Несмотря на то, что был тёплый летний вечер пятницы, сегодня на улице было немноголюдно, лишь несколько семейных пар прогуливались в лучах заката, группа студентов шумно обсуждала закончившуюся сессию за столиками летнего кафе, фарфоровая старушка, выйдя из аптеки, направилась домой и какой-то фотограф расположился со своим штативом неподалёку от ворот кремля, снимая улицу, освещённую тёплым светом заходящего солнца.

Фотограф Синичкин не был профессионалом, несмотря на наличие штатива. Вадим Синичкин работал на местном ЛВЗ в должности ведущего инженера, а по вечерам и выходным отдавался своему давнему увлечению – фотографии. В прошлом году Синичкину предложили вести рубрику “Фотошкола” в местном журнале “Зареченск”, и он, с радостью и без раздумий согласился. Вскоре в журнале стали появляться статьи о различных практических аспектах фотоискусства, и даже стали платить гонорары, что для самого Синичкина было крайне удивительным, поскольку и само занятие фотографией, даже без гонораров, приносило ему большую радость. Также, в последнее время, Синичкин подумывал о проведении своей персональной фотовыставки.
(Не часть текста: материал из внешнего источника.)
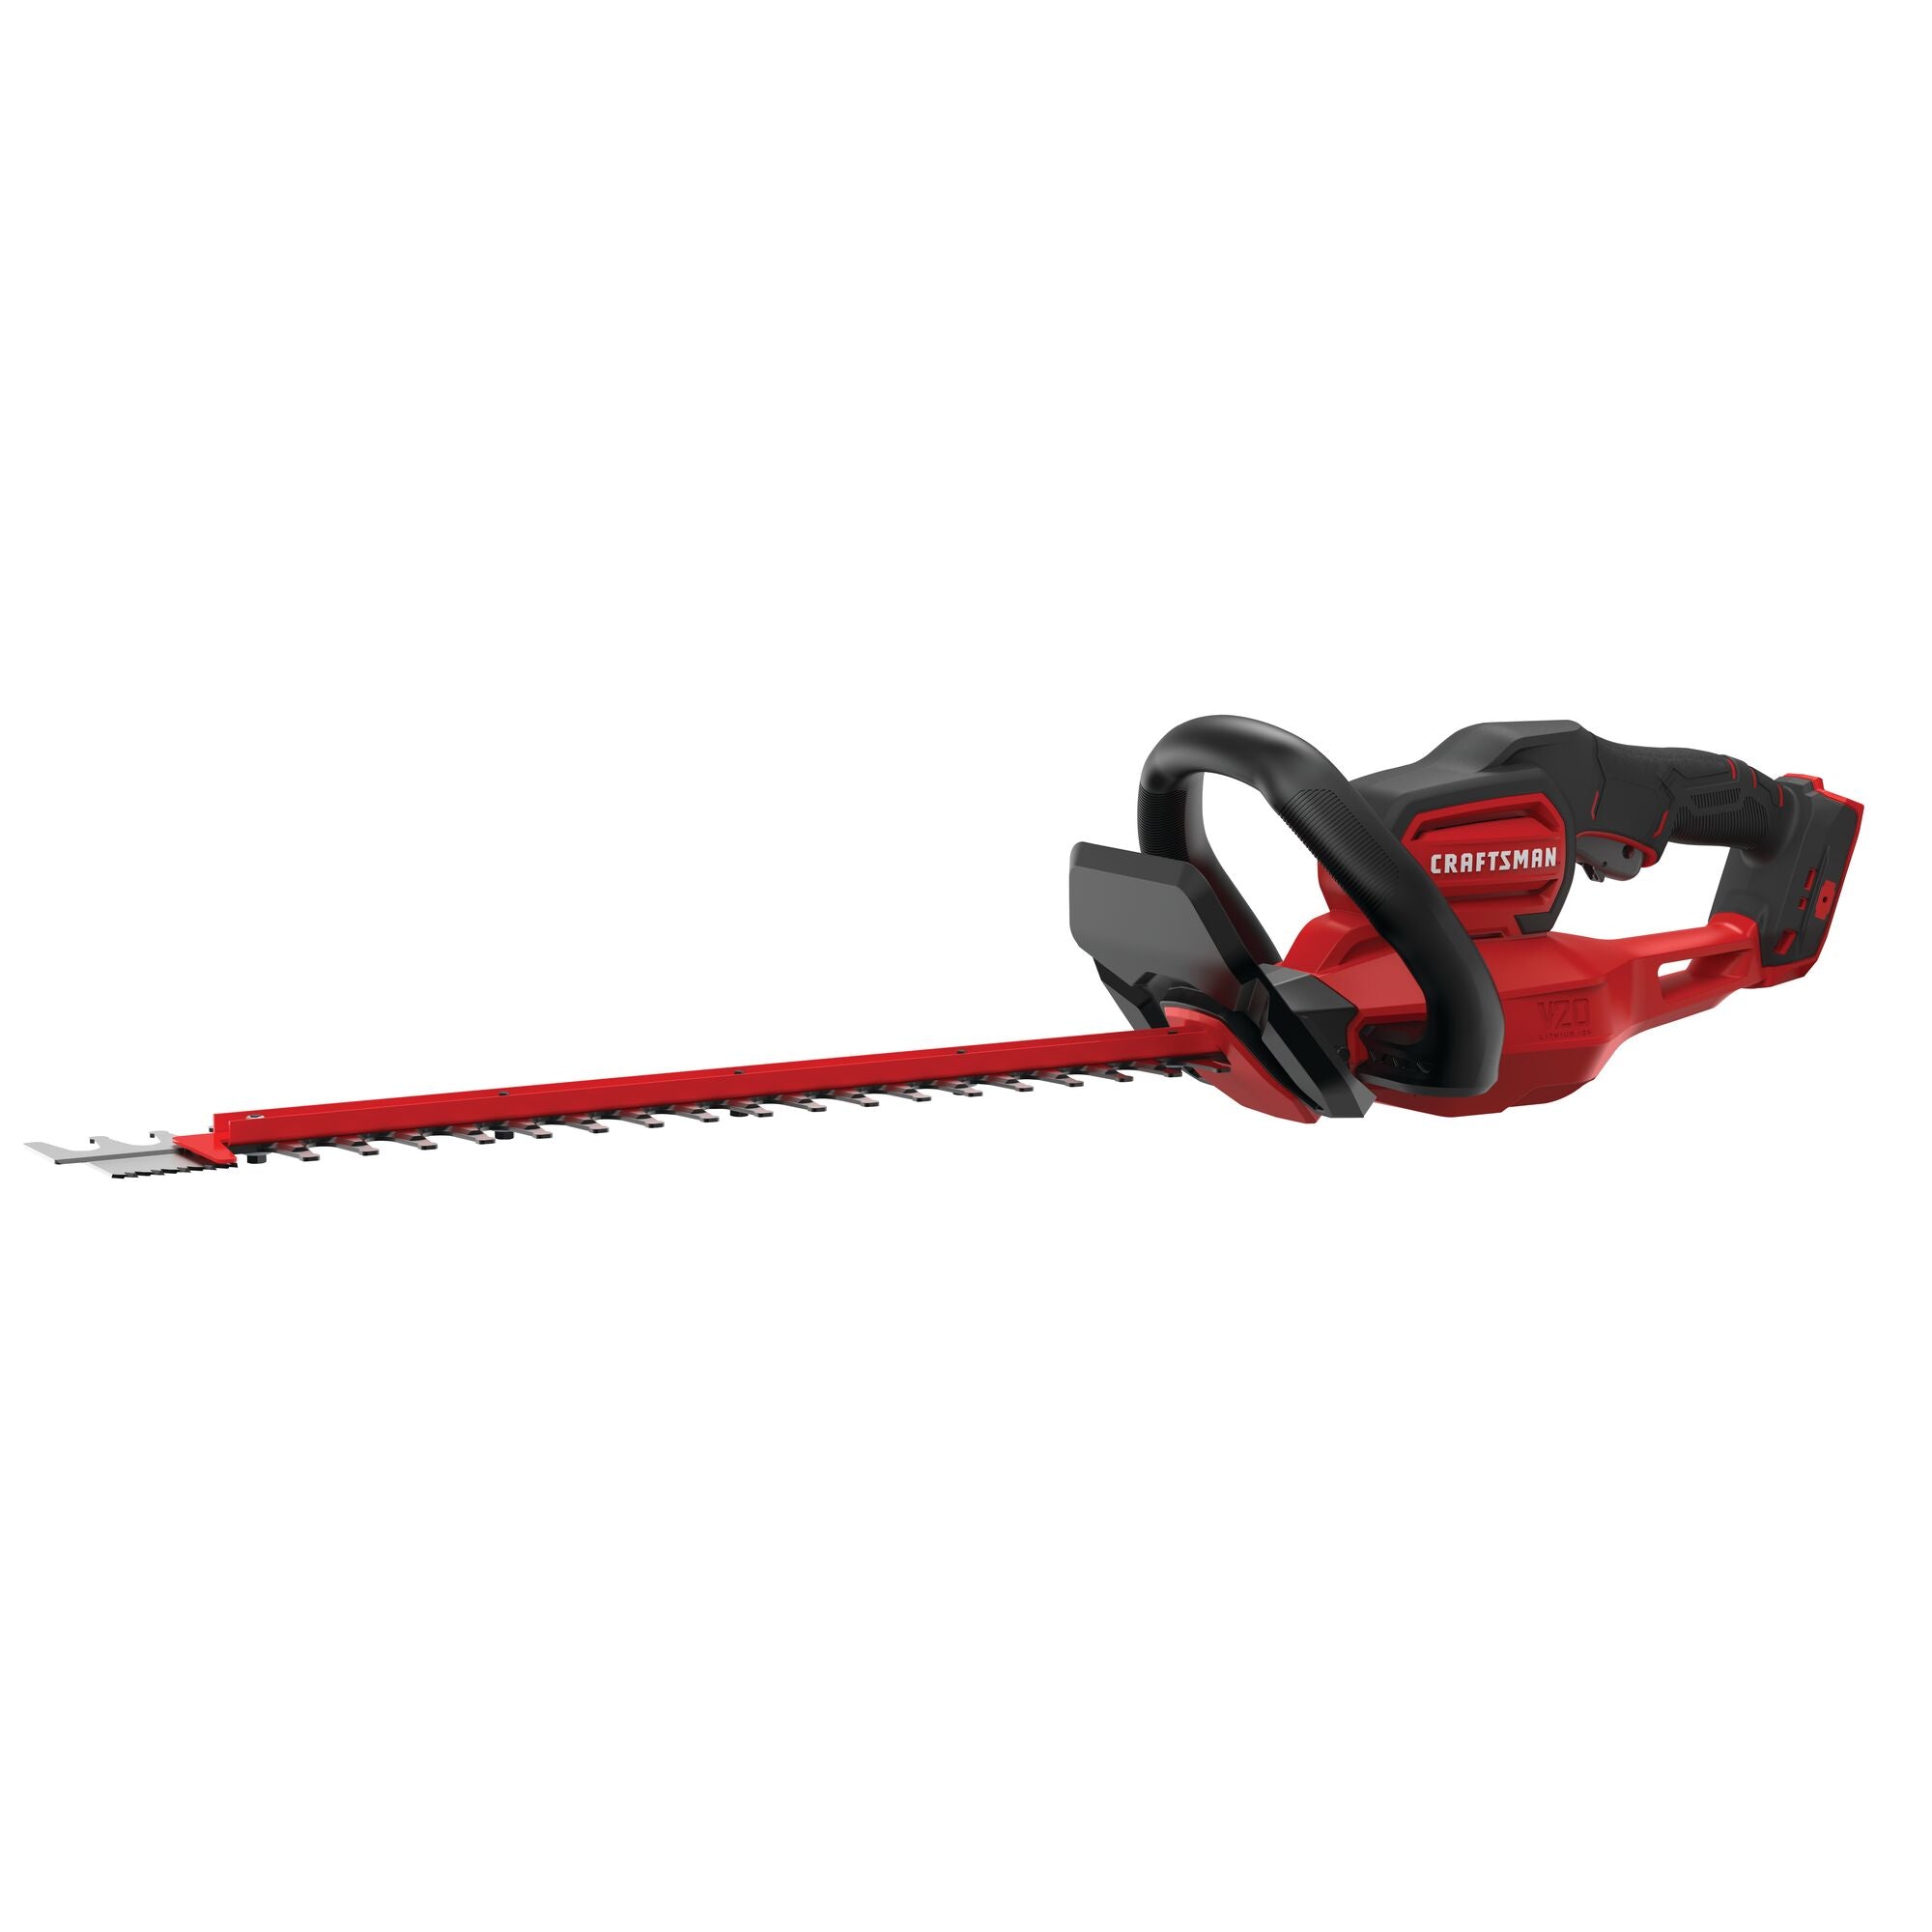 BLACK+DECKER 20V MAX Cordless Hedge Trimmer, 22-Inch, Tool Only

Уже заканчивая фотосессию, Синичкин ещё раз посмотрел в свою жёлтую записную книжечку, и вдруг вспомнил, что он чуть не забыл снять ещё один кадр, для иллюстрации одного из положений новой статьи, про композицию перспективы. Передвинув штатив и навернув поляризатор, он стал ждать, когда на улице сложится какая-нибудь интересная сцена. Вскоре из кафе “Клубничка”, что неподалёку слева выбежала какая-то заплаканная девчонка в короткой юбке, и тут же, следом за ней, её молодой человек, пытаясь ухватить свою подружку за ремешок сумочки, висящей у неё на плече, и в чём-то оправдываясь перед ней. Синичкин, дождавшись подходящего момента, нажал на кнопку затвора, сложил штатив и пошёл домой дописывать статью.

Уже на следующее утро Синичкин сидел в фотостудии “Радуга”, находящейся в самом начале улицы Красных Фонарей, в доме N 3, и пил чай со своим школьным другом, Копейкиным – владельцем самой студии и фотолаборатории при ней. Лет двадцать тому назад Синичкину приходилось просиживать ночами в ванной над растворами, и печатать карточки при свете красных фонарей, но сегодня в Зареченске было уже несколько фотолабораторий, правда, стоит сказать, что повсюду технология обработки не соблюдалась строго, в одних недоливали раствора , в других не соблюдали температуру, в третьих пользовались просроченными, а значит и более дешёвыми, растворами, в четвёртых печатали на дешёвой фотобумаге. “Радуга” не отличалась в этом плане от других ничем, но для Синичкина по знакомству всегда делали исключение, и печатали его фотографии вместе со своими. Копейкин сделал себе уже немалое состояние на вольном соблюдении технологического процесса, и пока проявляли и печатали фотографии, они обсуждали достоинства нового BMW X5, что Копейкин купил намедни, и решали вопрос, куда деть прошлогоднюю Volvo.

Наконец, приёмщица Наташа, славная девушка с формами, гармоничными как спереди, так и сзади, принесла фотографии. Пока Копейкин пытался разглядеть, заметен ли Наташкин живот, или пока ещё нет, Синичкин рассматривал карточки. Все фотографии были так себе, проходные, подходящими разве что только для иллюстраций к статьям, кроме последней карточки, на которой была изображена улица Красных Фонарей с выбегающей из кафе чем-то расстроенной парой. Это был действительно первоклассный жанровый снимок, который сделал бы честь любому фотографу повседневной жизни: живые эмоции девушки были настолько естественными, что у Синичкина и самого возникло желание схватить девушку за рукав футболки и извиниться перед ней за всё, и это драматическое действо происходило на фоне живописных декораций древней улицы, освещённой косыми лучами заката. Столь удачные жанровые снимки получались у Синичкина очень редко, не чаще, чем раз в год. Эта фотография, вне всяких сомнений, станет центром экспозиции на будущей персональной выставке, подумал счастливый фотограф.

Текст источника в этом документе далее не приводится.